5. A polyurethane foam composition of confidentiality with claim 1, characterized in that it is obtained by means of a process comprising the steps of: combining the hydrogenated polydiene diol with the aromatic polyisocyanate, the gas injection agent and the plasticizer; and allowing the combined polydiene diol, aromatic polyisocyanate, gas injection agent and plasticizer to foam to obtain the polyurethane foam composition.

6. A polyurethane foam composition according to claim 5, characterized in that the hydrogenated polydiene diol, the gas injection agent, the plasticizer and other components are mixed before combining the mixture with the aromatic polyisocyanate.

7. A polyurethane foam composition according to claim 5 or 6, characterized in that a surfactant and a catalyst are used in the process.

8. A polyurethane foam composition according to any of claims 5 to 7, characterized in that it also comprises a sticky resin.
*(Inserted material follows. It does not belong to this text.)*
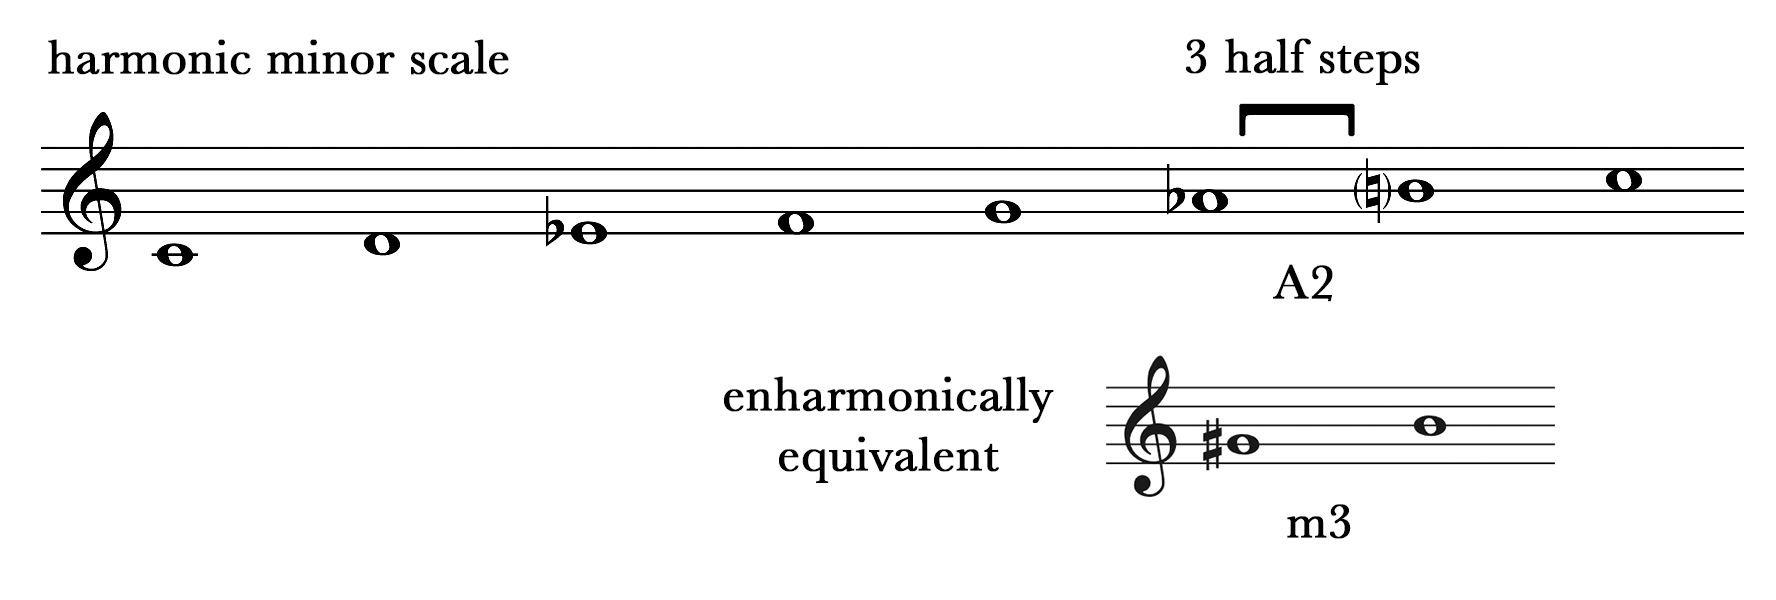 A C harmonic minor scale with an augmented second interval between scale degrees 6 and 7 shown to be enharmonically equivalent to a minor third interval.

9. A process for preparing a polyurethane foam composition, characterized in that it comprises (i) mixing a hydrogenated polydiene diol, having an average molecular weight number of 1,000 to 20,000 and a functionality of 1.6 to 2 hydroxyl groups per molecule with a plasticizer, a gas injection agent, and, optionally, a tackified resin , a surfactant and a catalyst to obtain a mixture; (ii) combining an aromatic polyisocyanate having a functionality of 1.8 to 3.0 isocyanate groups per molecule with the mixture to obtain a combination; and (iii) allowing the foaming combination to obtain the polyurethane foam composition, wherein the plasticizer is an oil and / or a hydrogenated mono-ol polydiene having an average molecular weight number "of from 500 to 20,000.

10. Articles, characterized in that they contain the polyurethane foam composition as claimed in any of claims 1-8.